TASK TO COMPLETE: The listing below is to be duplicated exactly, with every picture omitted.

GIVEN INFORMATION:
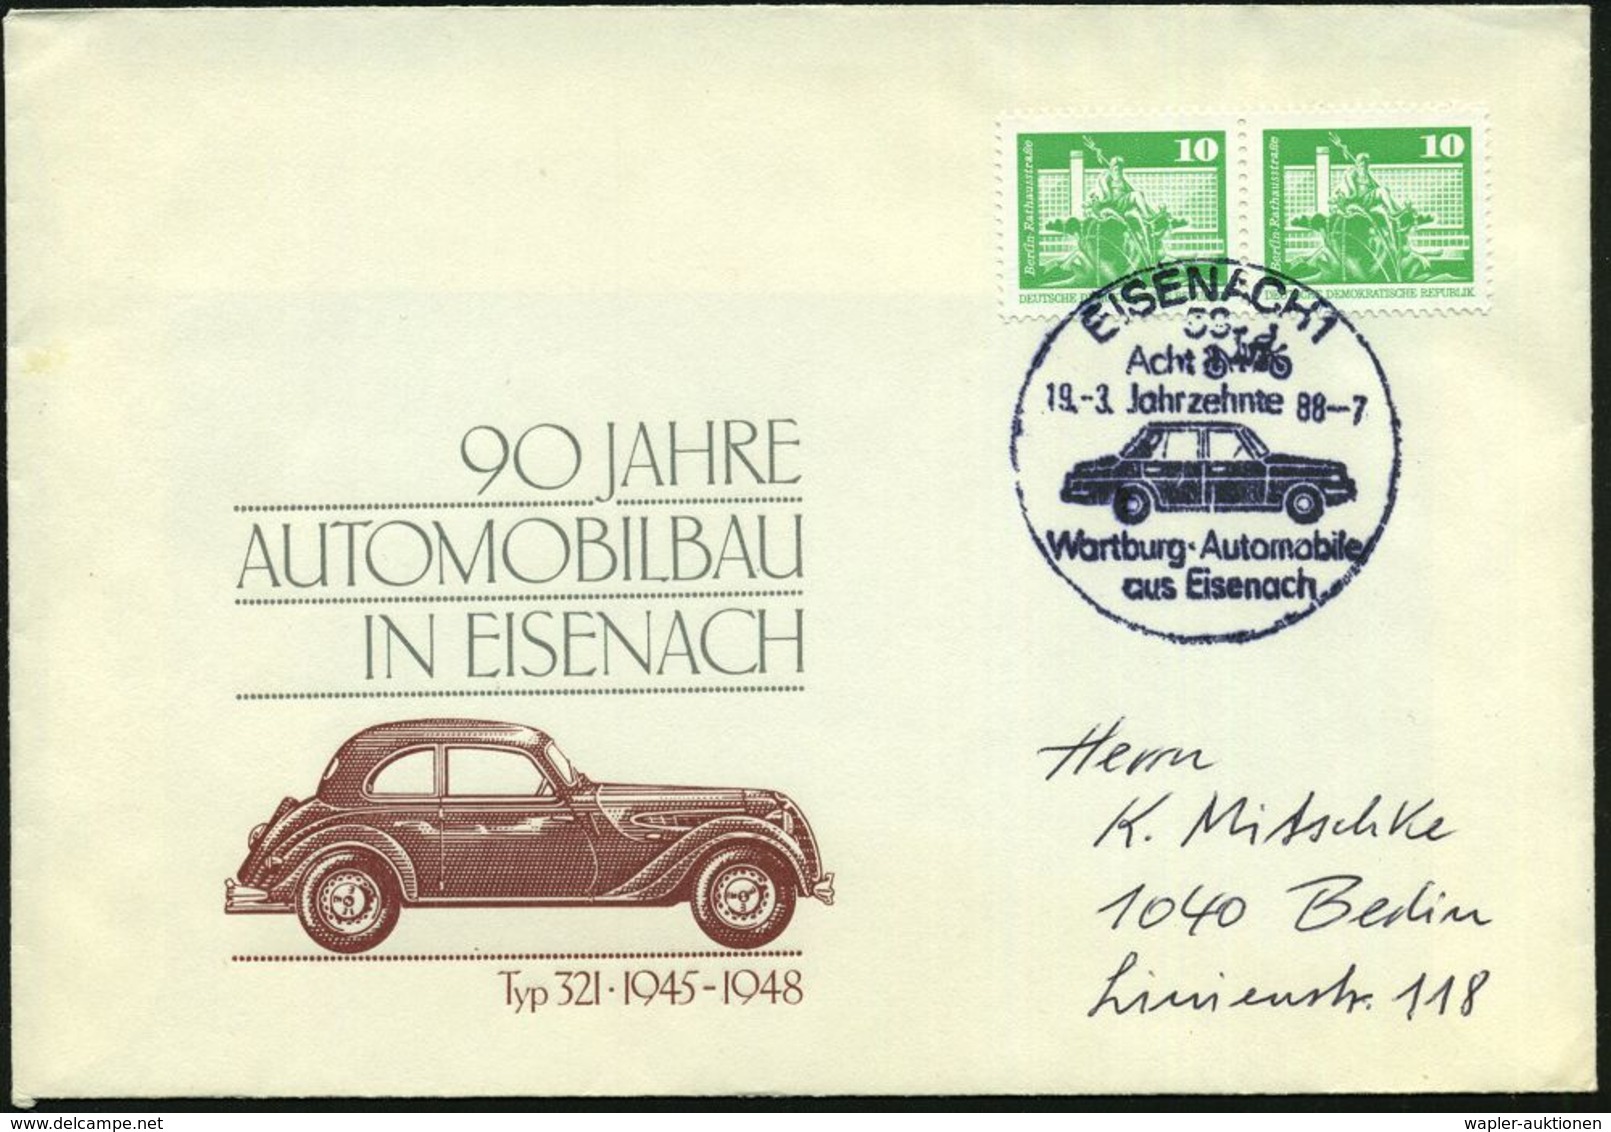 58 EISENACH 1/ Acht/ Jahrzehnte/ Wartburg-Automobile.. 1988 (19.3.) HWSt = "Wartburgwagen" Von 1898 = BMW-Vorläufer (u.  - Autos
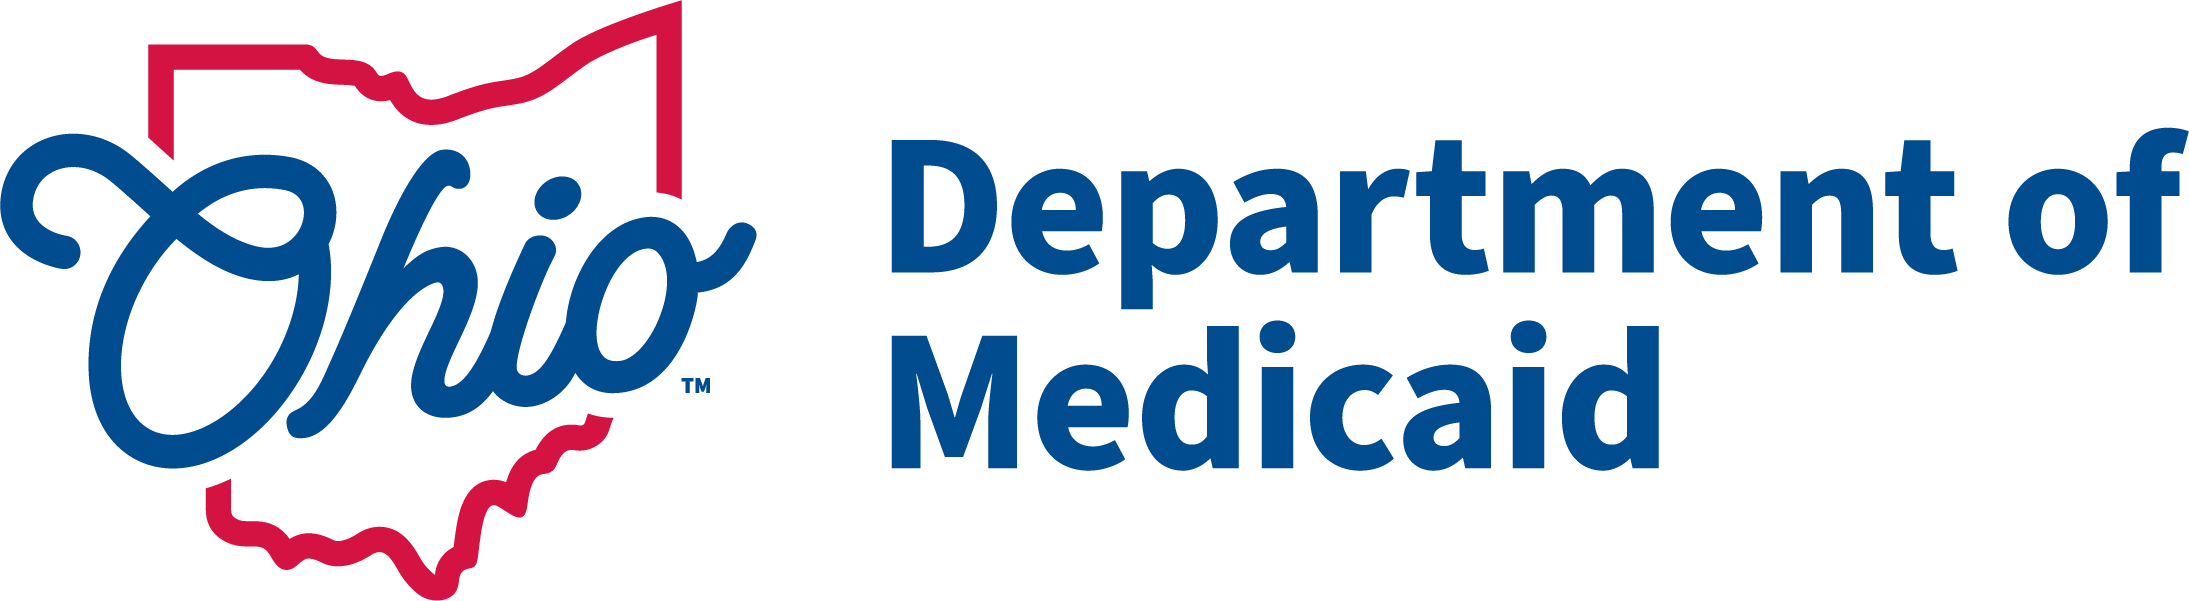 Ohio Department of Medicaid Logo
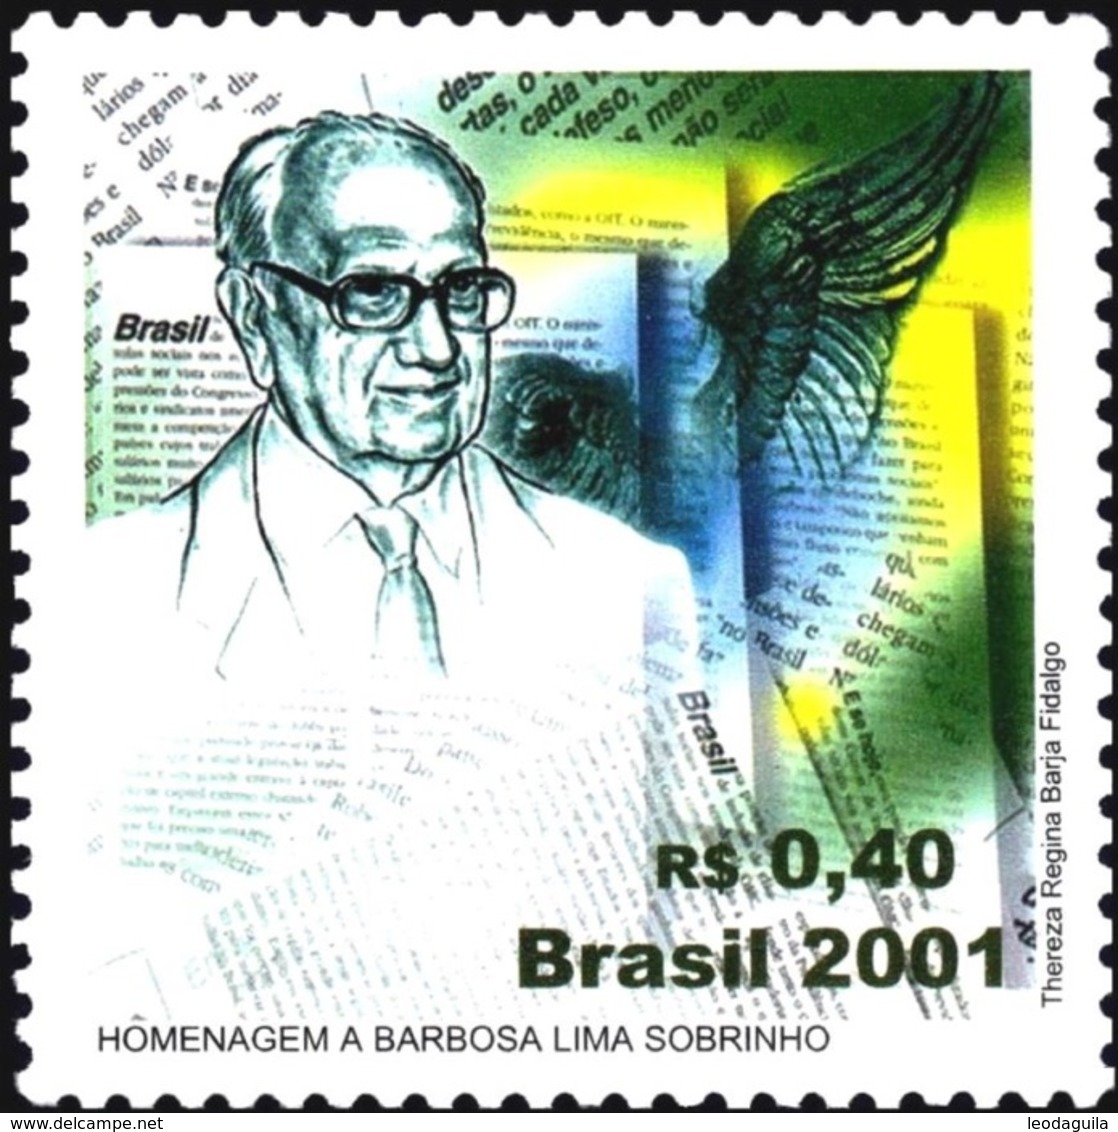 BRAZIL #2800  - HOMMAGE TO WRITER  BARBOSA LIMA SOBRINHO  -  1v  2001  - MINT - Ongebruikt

ANSWER:
 58 EISENACH 1/ Acht/ Jahrzehnte/ Wartburg-Automobile.. 1988 (19.3.) HWSt = "Wartburgwagen" Von 1898 = BMW-Vorläufer (u.  - Autos
 Ohio Department of Medicaid Logo
 BRAZIL #2800  - HOMMAGE TO WRITER  BARBOSA LIMA SOBRINHO  -  1v  2001  - MINT - Ongebruikt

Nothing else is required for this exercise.